Он снова побрел через кустарник, придерживаясь чуть заметной тропинки и медленно поднимаясь вверх, пока не вышел на хребет.

— Славная страна, — пробормотал он, — чертовски славная!

Он повернул направо и стал спускаться, выискивая новый путь назад, в долину Сонома; но тропинок не было, а кустарник становился все гуще и, словно умышленно, сдвигался перед ним. Когда ему удавалось пробиться, каньон и расселины, слишком крутые для его лошади, заставляли поворачивать назад. Но ни малейшего раздражения он не чувствовал. Он наслаждался своей поездкой, ибо вернулся к старой игре — состязанию с природой. Уже к вечеру он напал на тропу, ведущую вниз, в сухой каньон. Здесь его ожидало новое удовольствие. Уже несколько минут он слышал лай собаки, и вдруг на обнаженном склоне холма появился большой олень; он несся стрелой, а за ним на небольшом расстоянии, летела великолепная гончая. Пламенный напрягся в седле и следил, пока они не исчезли; дыхание его стало короче, словно и он тоже принимал участие в погоне, ноздри раздулись, его охватил острый охотничий зуд и воспоминания о тех днях, когда он еще не жил в городах.

Сухой каньон сменился другим, с тонкой лентой струящейся воды. Тропа вывела его на лесную дорогу и дальше, через равнину, к проселку. Здесь не было ни фермы, ни домов. Почва была скудная, местами твердый грунт был обнажен или лежал у самой поверхности.

Однако манзанита и дубы процветали и на этой почве и плотной стеной подступали с обеих сторон к дороге. Из этой заросли внезапно выскочил человек, напомнивший Пламенному кролика.

Это был маленький человечек в заплатанных штанах, с непокрытой головой; бумажная рубаха была расстегнута у ворота и на груди. Солнце покрыло его лицо красноватым загаром, а рыжие волосы на концах посветлели. Он сделал Пламенному знак остановиться и протянул письмо.

— Если вы едете в город, отправьте это, пожалуйста, — сказал он.

— Непременно. — Пламенный спрятал письмо в карман пиджака. — Вы здесь живете? А?
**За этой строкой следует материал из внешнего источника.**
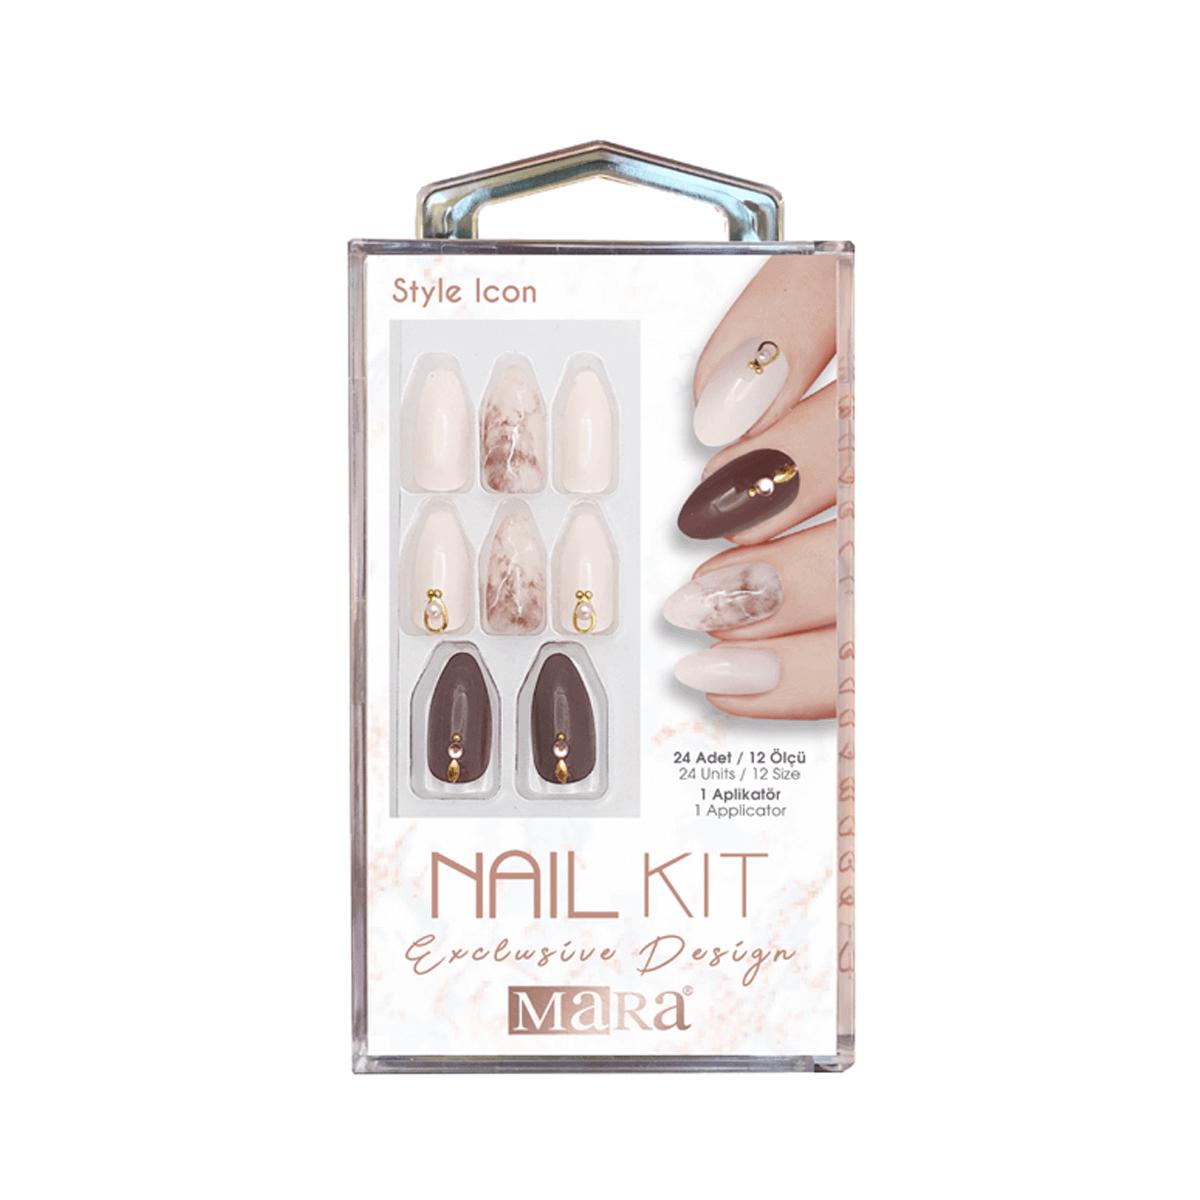 Nail Kit Takma Tırnak Style icon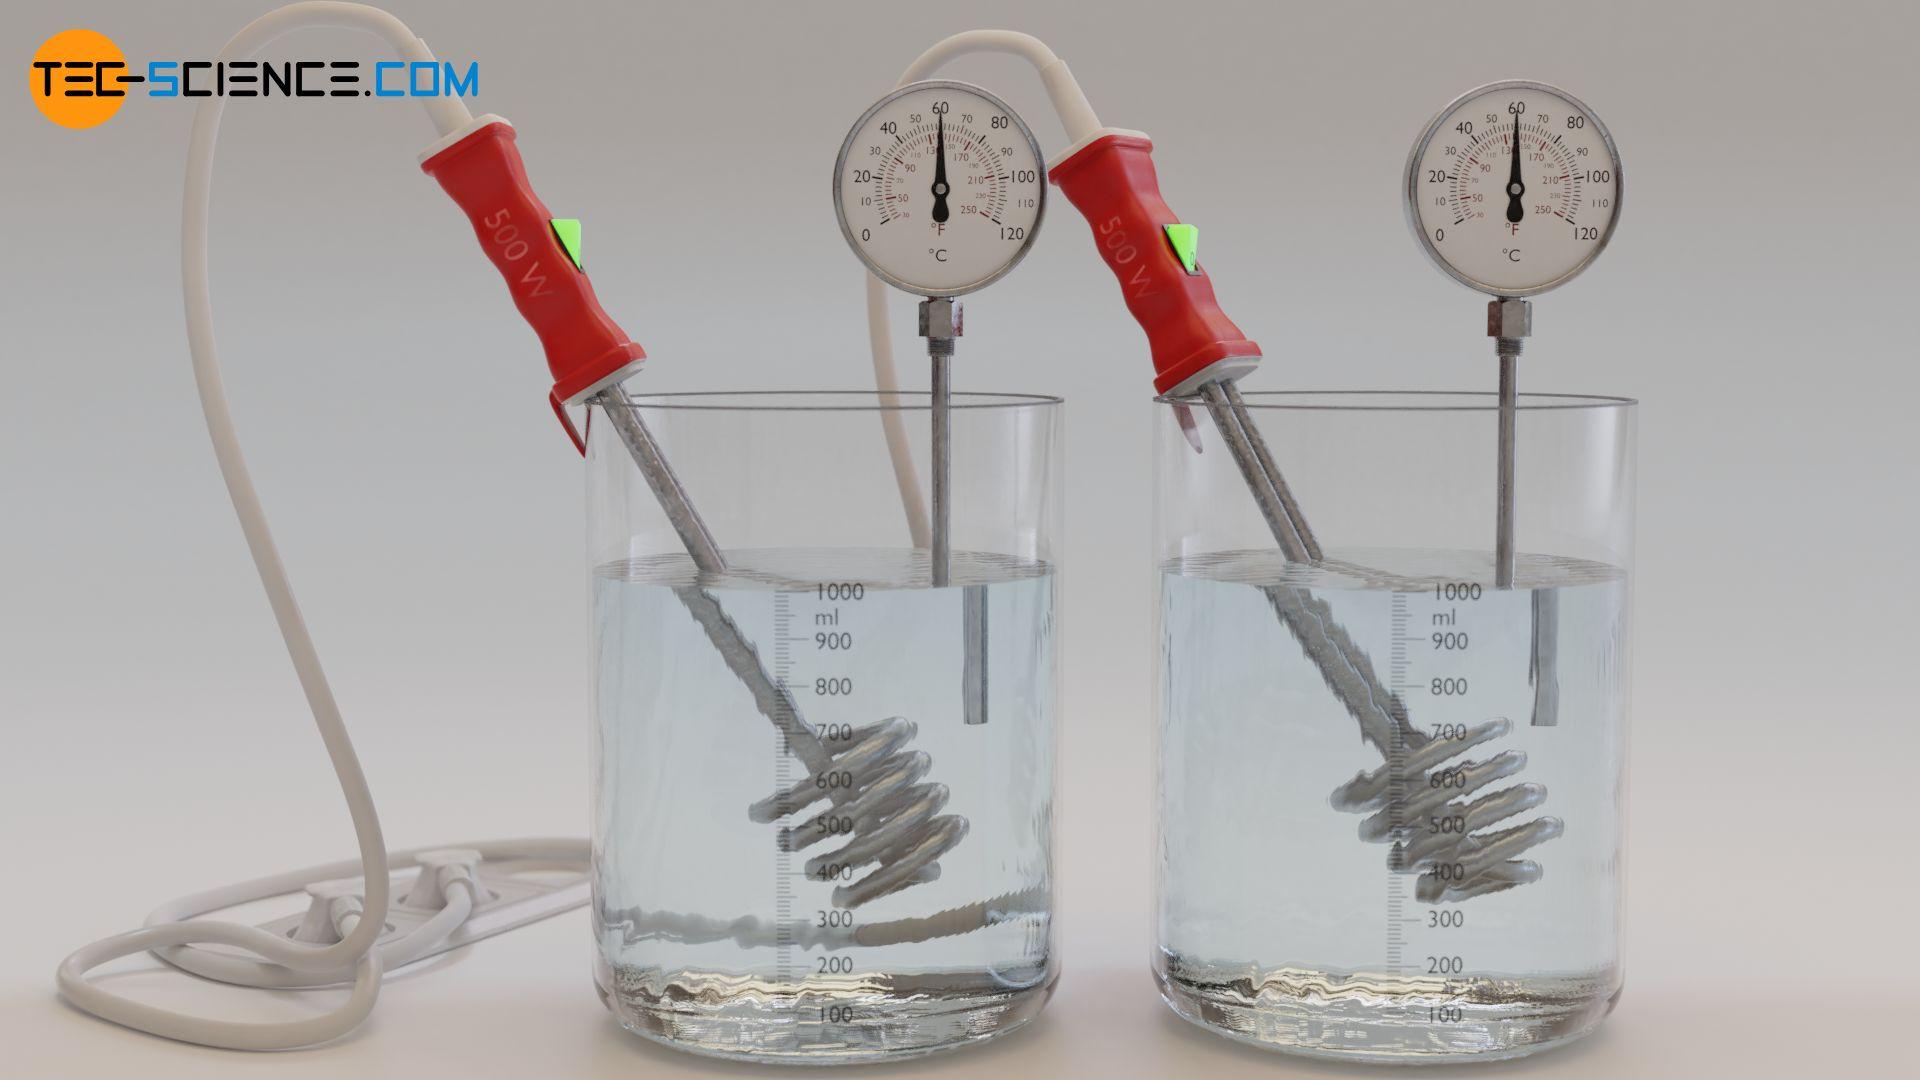 Die Erwärmung einer doppelten Masse an Wasser benötigt insgesamt die doppelte Menge an Wärmeenergie

Но маленький человечек не отвечал. Он пристально и удивленно смотрел на него.

— Я вас знаю, — заявил он. — Вы — Элем Харниш — Пламенный, так называют вас газеты. Что, не ошибся?

Пламенный кивнул головой.

— Но что вы здесь делаете в этом кустарнике?

Пламенный усмехнулся и ответил:

— Да вот смотрю, нельзя ли проложить путь для доставки сельских продуктов.

— Ну, я рад, что сегодня написал это письмо, — продолжал маленький человек, — иначе я бы вас не встретил. Я несколько раз видел вашу фотографию в газетах, а у меня хорошая память на лица. Я вас сразу узнал. Меня зовут Фергюсон.

— Вы здесь живете? — повторил свой вопрос Пламенный.

— О да. У меня здесь маленький участок, ярдов за сто отсюда. Там есть ключ, несколько фруктовых деревьев и ягодные кусты. Зайдите и посмотрите. Ключ чудесный. Такой воды вы нигде не найдете. Зайдите и попробуйте.

Ведя на поводу лошадь, Пламенный последовал за быстро шагающим живым человеком в зеленый туннель, откуда он неожиданно вынырнул на расчищенное место, если только можно назвать так пространство, где дикая природа старалась свести на нет плоды человеческих усилий. Это был крохотный уголок среди холмов, защищенный крутыми стенами входа в каньон. Здесь росли высокие дубы, свидетельствуя о более плодородной почве. Склон холма разъедался в течение веков, медленно образуя это отложение чернозема. Под тенью дубов, почти скрытая ими, приютилась грубая некрашеная хижина, ее широкая веранда со стульями и гамаками была превращена в спальню на открытом воздухе. Зоркий глаз Пламенного улавливал мельчайшие детали. Участок имел неправильную форму, расчищены были местечки с более плодородной почвой, а к каждому фруктовому деревцу, к каждому ягодному кусту и к овощам была проведена вода. Крохотные ирригационные каналы виднелись повсюду, и по некоторым из них пробегала вода.

Фергюсон возбужденно смотрел на гостя, ища признаки одобрения.

— Ну, что вы об этом скажете, а?

— Каждое деревцо подстрижено и облизано, — засмеялся Пламенный, но удовольствие, светившееся в его глазах, удовлетворило маленького человека.

— Понимаете ли, я знаю каждое из этих деревцев, словно они — мои сыновья. Я посадил их, нянчился с ними, кормил их и вырастил. А теперь пойдемте взглянуть на ключ.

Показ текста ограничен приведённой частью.